イソチアゾロン系殺菌剤とハロゲン化脂肪族ニトロアルコール系殺菌剤の配合割合としては、イソチアゾロン系殺菌剤が1質量部に対してハロゲン化脂肪族ニトロアルコール系殺菌剤が0.01〜10質量部の範囲が好ましく、特に好ましくは0.1〜1質量部の範囲である。
スルホン酸塩の配合割合としては、工業用殺菌剤組成物全量(100質量%)に対して、スルホン酸塩が0.01〜5質量%の範囲が好ましく、特に好ましくは0.05〜3質量%の範囲である。スルホン酸塩の含量がこの範囲より少ないと、光安定性が不十分であり、析出物が生じやすい。また、スルホン酸塩の含量がこの範囲より多いと、スルホン酸塩が製剤中で完全に溶解せず、スルホン酸塩自体が沈降物と成る場合があり、析出物防止の観点からは多量の添加は逆効果となる場合がある。特に、リグニンスルホン酸塩のような高分子量のスルホン酸塩を使用する場合は、0.1質量%以下が好ましい。
当該pHを適当な範囲に調整するために酸を使用することができる。使用できる酸としては、クエン酸、塩酸又は硝酸を例示することができ、これらは2種以上を組み合わせて使用することもできる。好ましくは、クエン酸である。
リグニンスルホン酸ナトリウム0.1質量部をイオン交換水70.0質量部に溶解させ、ゾーネンC(CMT約10.5質量%、MT約3.5質量%、ケミクレア製)14.37質量部、ブロノポール(BP;純度99.8%、ケミクレア製)0.3質量部、クエン酸3ナトリウム・2水和物1質量部、を順次溶解させ、クエン酸を用いてpHを2.3に調整し、イオン交換水を加えて全体を100質量部とし、CMTを約1.5質量%、MTを約0.5質量%、BPを約0.3質量%含む試験No.1(実施例1)の工業用殺菌剤組成物を得た。
実施例1と同様の方法により、表1に記載された含量になるようにリグニンスルホン酸ナトリウムおよびクエン酸3ナトリウムを配合し、表1に記載したpHに調整して、試験No.2〜7の工業用殺菌剤組成物を得た。

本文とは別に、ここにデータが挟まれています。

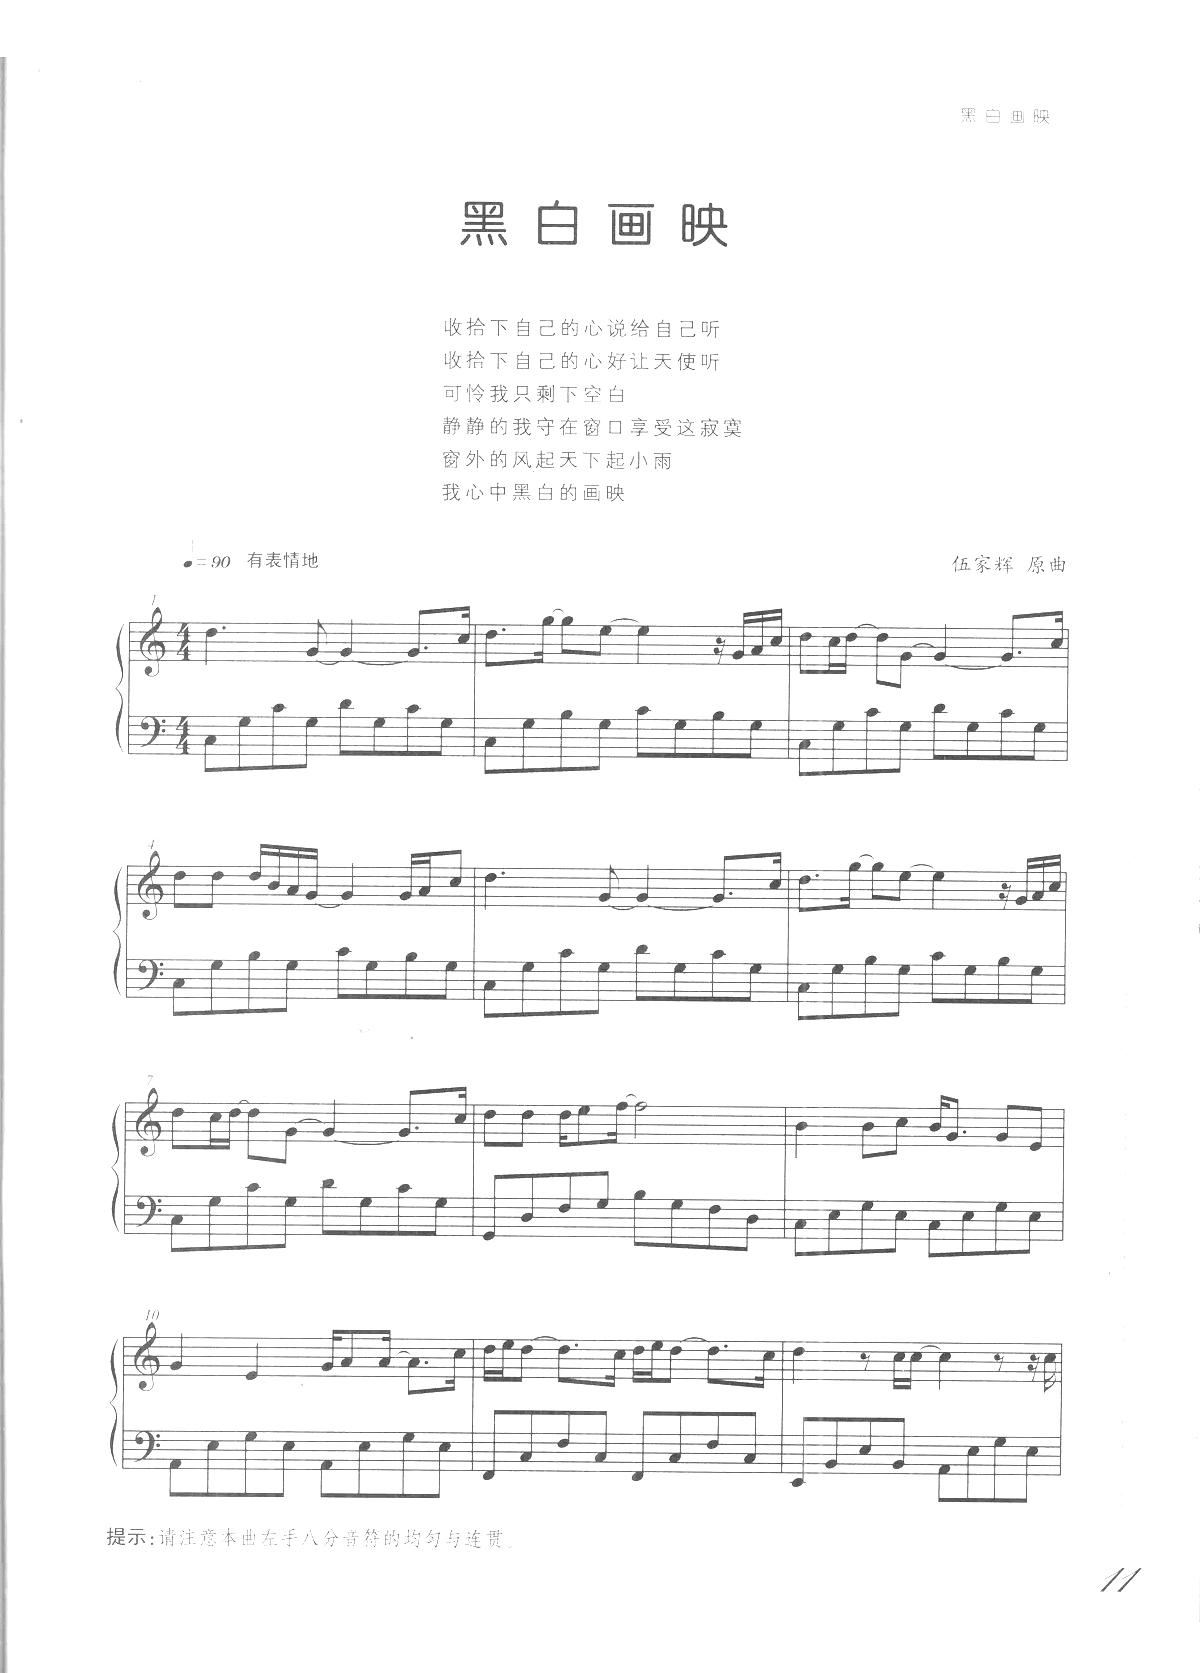 黑白画映 吻别 张学友歌曲改编的钢琴曲(钢琴谱)1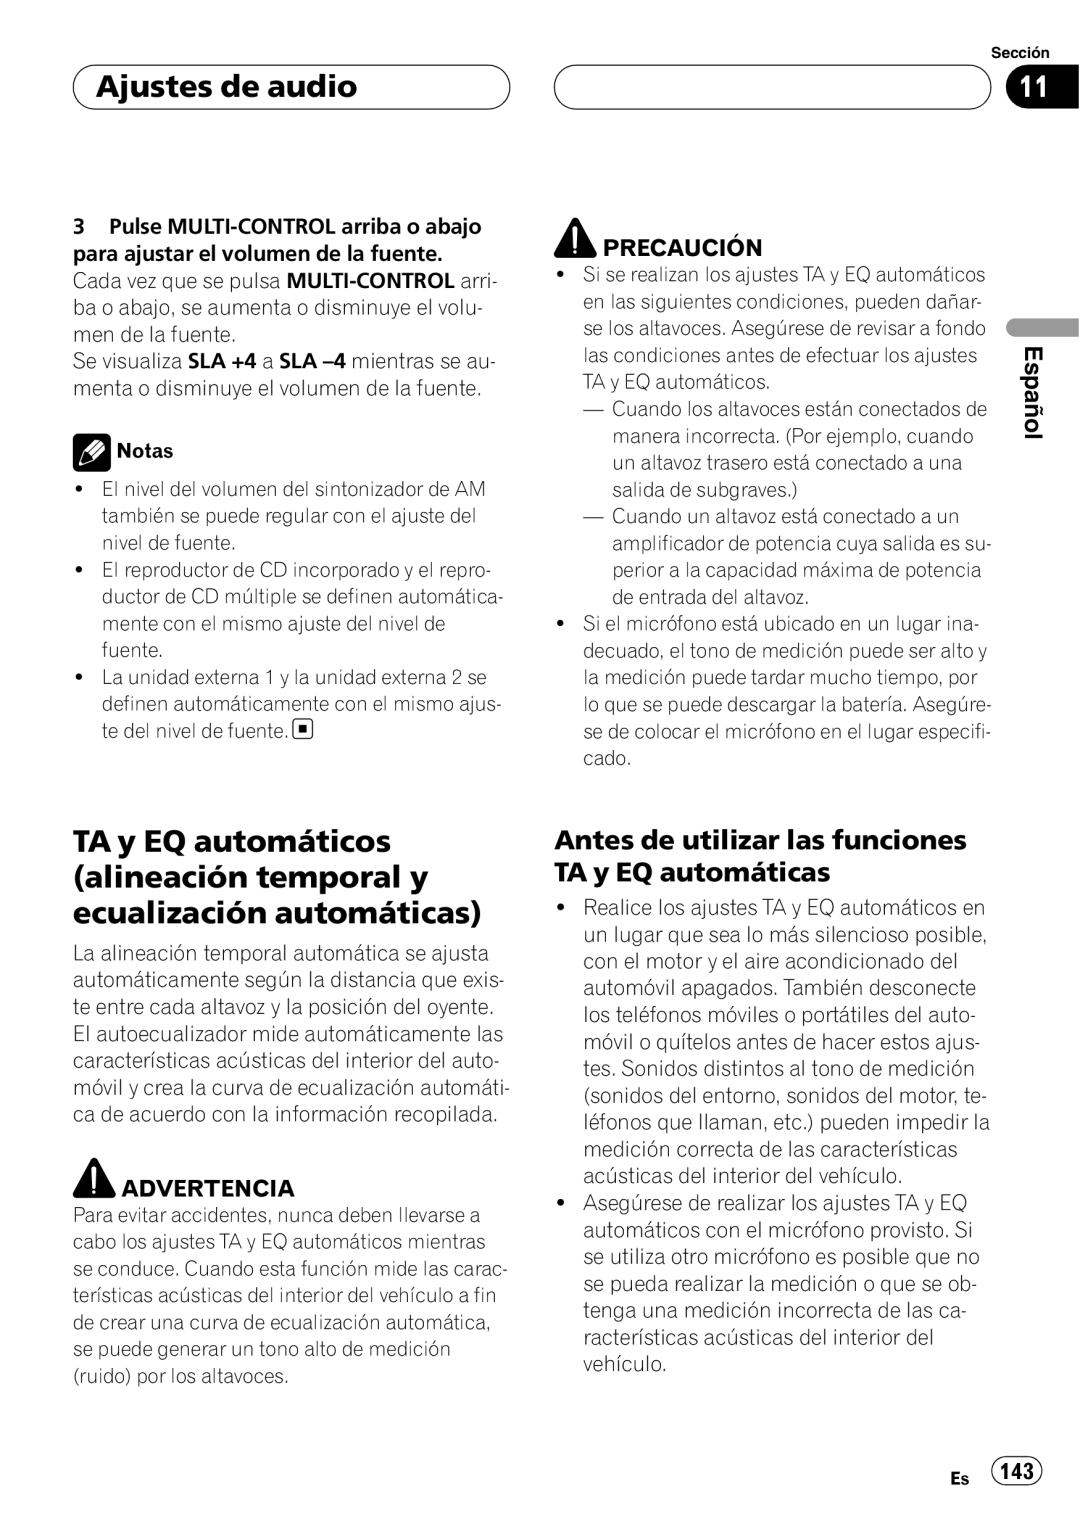 Pioneer DEH-P80RS operation manual Ajustes de audio, Español, Precaución, Advertencia

特開2009−67791号公報に開示された製造方法に従って製造した。即ち、臭素酸カリウム0.1質量部をイオン交換水70.0質量部に溶解させ、ゾーネンC(CMT約10.5質量%、MT約3.5質量%、ケミクレア製)14.2質量部、クエン酸3ナトリウム・2水和物0.1質量部、無水マレイン酸0.06重量部、ブロノポール(BP;純度99.8%、ケミクレア製)0.3質量部を順次溶解させ、イオン交換水を加えて全体を100質量部とした。製造後のpHは、3.4であった。
製剤実施例及び比較例にて製造した工業用殺菌剤組成物を無色のガラス試験管に充填し、屋外で1週間保管し、その後液体クロマトグラフィーによりCMT、MT、BPの残存率を測定した。また沈殿の発生を目視により評価した。結果を第1表及び第2表、並びに実施例3、5及び7、及び比較例の概観の写真を図1及び2に示す。
A:残存率90%以上
B:残存率80〜99%
C:残存率70〜79%
D:残存率60〜69%
E:残存率59%以下
以上の評価基準において、C以上は製品の効果として問題ないが、D以下は効果に問題があり製品とすることができない。
A:沈殿物の発生が少なく、沈降していない
B:目視で明らかに沈殿物が発生
C:多くの沈殿物の発生が認められる
以上の評価基準において、Aは製品の使用に問題ないが、B以下は問題があり製品とすることができない。
Claims (10)
- イソチアゾロン系殺菌剤の1種又は2種以上、ハロゲン化脂肪族ニトロアルコール系殺菌剤、pH緩衝剤、スルホン酸塩及び水を含有し、pHが2.3以上4.0以下の範囲である工業用殺菌剤組成物。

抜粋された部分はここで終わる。